/TopoProGenerator

Generating protein sequences with specifying topological structures

Primary LanguagePythonApache License 2.0Apache-2.0

TopoProGenerator

Generating protein sequences with specified topological structures. frame

Download project

git clone https://github.com/AI-ProteinGroup/TopoProGenerator.git
cd TopoProGenerator

Install Requirements

1. Install Pytorch(if GPU is usable, skip this step)

1.1 know your CUDA version

nvidia-smi

According to the CUDA version, install a compatible version of Pytorch on the [Pytorch website](https://pytorch.org/)

1.2 Check if pytorch installation was successful

python
import torch
torch.cuda.is_available()

If return True, pytorch is already installed.

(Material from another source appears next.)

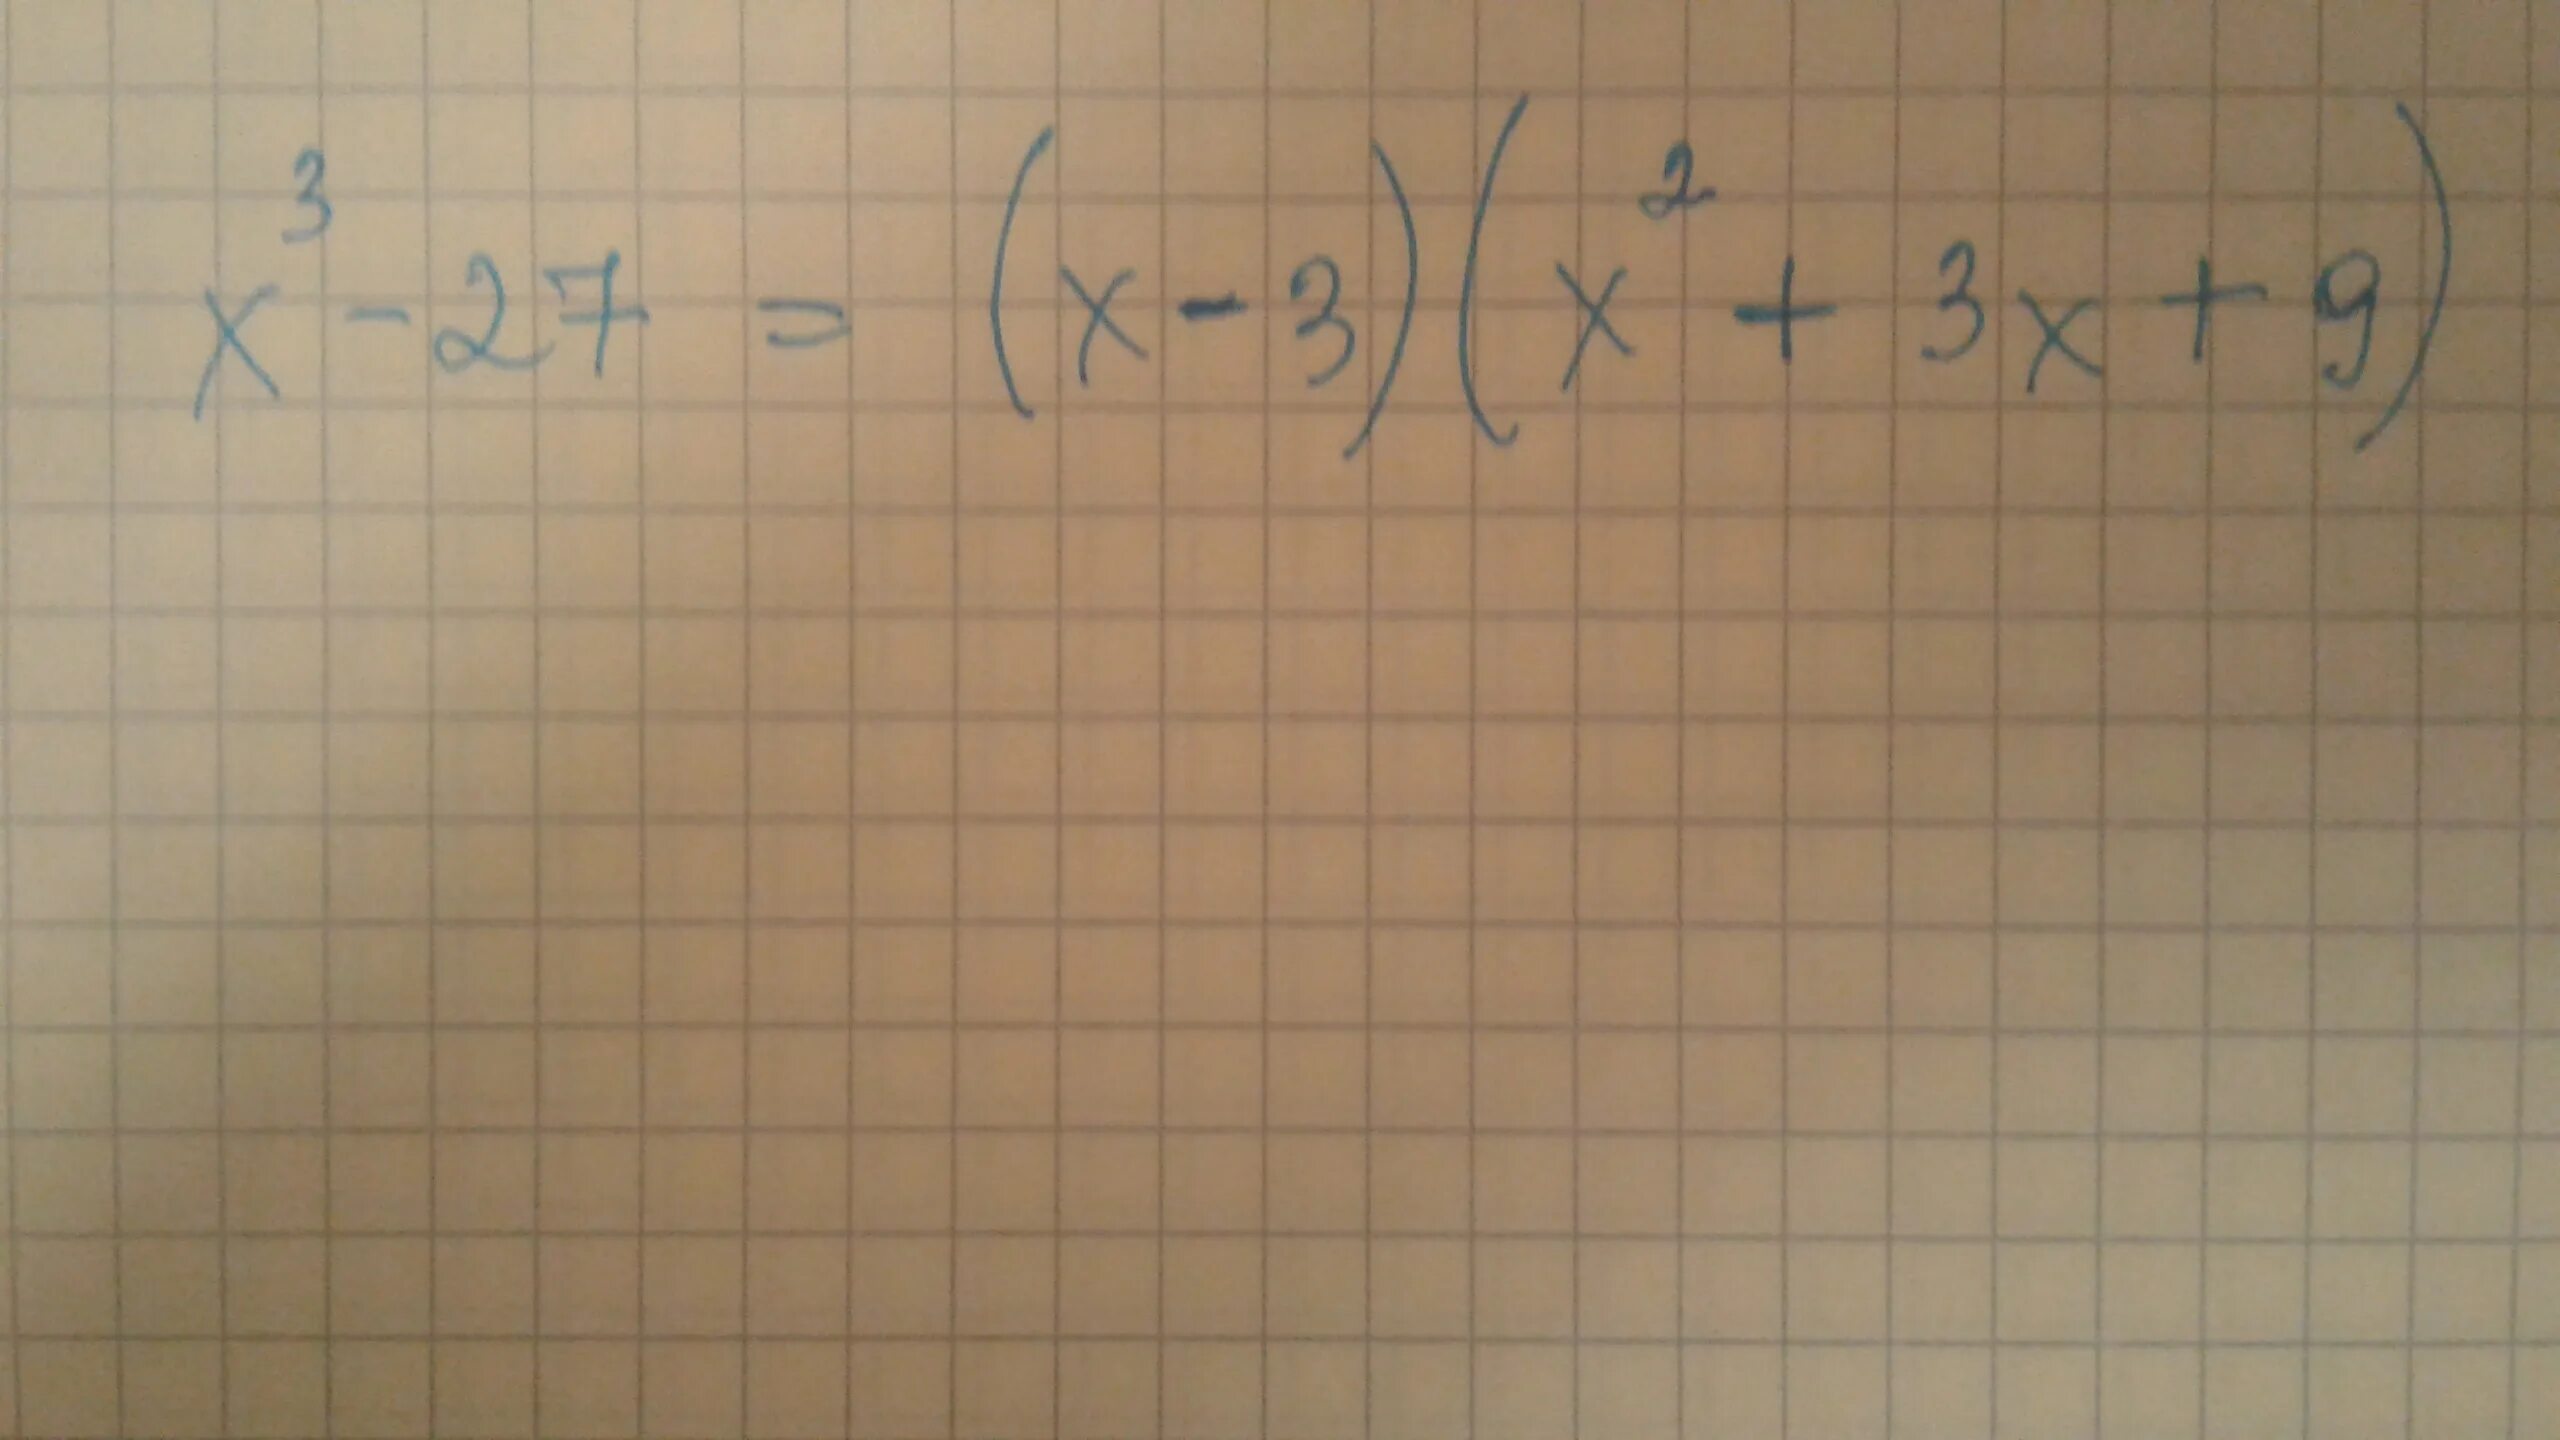 Х 3 х 3 3х 27. X^3-27. 3х=27. 27х3+1 разложить на множители. Разложите на множители х-27х^3.

2. Install other requirements

pip install -r requirements.txt

Installation time is within 1 hour

Download model parameter

1. Protbert

Download protbert parameterfile [protbert.tar.gz] on (https://zenodo.org/record/8129221)
Then

tar -xzvf protbert.tar.gz

Place the address of the foldprotbert in the below two places in file policy_transformer/src/predict_model.py or policy_LSTM/src/predict_model.py:

self.tokenizer = BertTokenizer.from_pretrained('****/protbert', do_lower_case=False)
self.model = BertModel.from_pretrained('****/protbert')

2. Model trained

If you want to train a model yourself from scratch, please skip this step.
Choose the model you want to use.(Transformer or LSTM)

cd policy_transformer

or

cd policy_LSTM

Download the model file you need on (https://zenodo.org/record/8129221).
We have provided model parameter files for TopoProGenerator[model_transformer.pth] and LSTM[model_LSTM.pt] as a reference model.

Train your own model(Taking transformer as an example)

If you want to use a trained model, skip this step.

1. Prepare dataset

You need to process the sequence data set into the form like (i means 'HHH')

iDEEERRVEELIEEARELEKRNPEEARKVLEEAYELAKRINDPLLEEVEKLLRRLR
iSEHEERIRELLERARRIPDKEEARRLVEEAIRIAEENNDEELLKKAREILEEIKR

save it as *.csv, which is the dataset for pretraining.
And process the ori sequence sets like

DEEERRVEELIEEARELEKRNPEEARKVLEEAYELAKRINDPLLEEVEKLLRRLR
SEHEERIRELLERARRIPDKEEARRLVEEAIRIAEENNDEELLKKAREILEEIKR

save it as *.txt and *.csv, which are the dataset for fine-tuning.
For TPG, both the pretraining dataset and fine-tuning dataset are in ./data.

2. Pretrain

!!!model parameters need to be consistent during pretraining, fine-tuning and generate.(such as tgt_len, d_embed, n_layers and so on).
Edit /config/pretrain_transformer.json

name content
datasets Address of the dataset used for pretraining
datasets_col The column where the protein sequence is located (starting from 0)
save_addr Address of output model file

Start pretraining

python pretrain_transformer.py --config ./config/pretrain_transformer.json

Using A100, the pretraining time for transformer is within 5 hours, and the pretraining time for LSTM is within 2 days.

3. Fine-tune

Edit /config/fine-tuning_transformer.json (model parameters need to be consistent with the pretraining)

name content
fine_tuning_datasets Address of the dataset used for pretraining.csv
datasets_col The column where the protein sequence is located (starting from 0)
truth_seq_datasets Address of the dataset used for pretraining.txt
prime_str Topology labels specified for generated sequnece
generator_model Address of pretrained model
num_epochs Total epoch of fine-tuning
g_epoch Epoch of Generative model training in each round of fine-tuning
d_epoch Epoch of Discriminative model training in each round of fine-tuning
fake_data_num Number of generated sequences for Discriminative model training
predictor_score_up Weights of stable sequences
predictor_score_up Weights of unstable sequences
save_addr Address of output model file

Start fine-tuning

python fine-tuning_transformer.py --config ./config/fine-tuning_transformer.json

After each epoch of fine-tuning, the model will generate 20000 sequences simultaneously.

Using A100, the fine-tuning time for transformer is within 40 hours, and for LSTM is within 20 hours, which can be faster if using distributed training.

Generate sequences

Edit /config/generate_transformer.json (model parameters need to be consistent with the pretraining or fine-tuning)

name content
prime_str topology labels specified for generated sequnece
generator_model Address of model
num_seq Number of generated sequences
min_length Minimum length of generated sequence
max_length Maximum length of generated sequence which should be smaller than tge_len
seq_save Address for generating sequence file

Generate sequences

python generate_transformer.py --config ./config/generate_transformer.json

License

This project is covered under the Apache 2.0 License.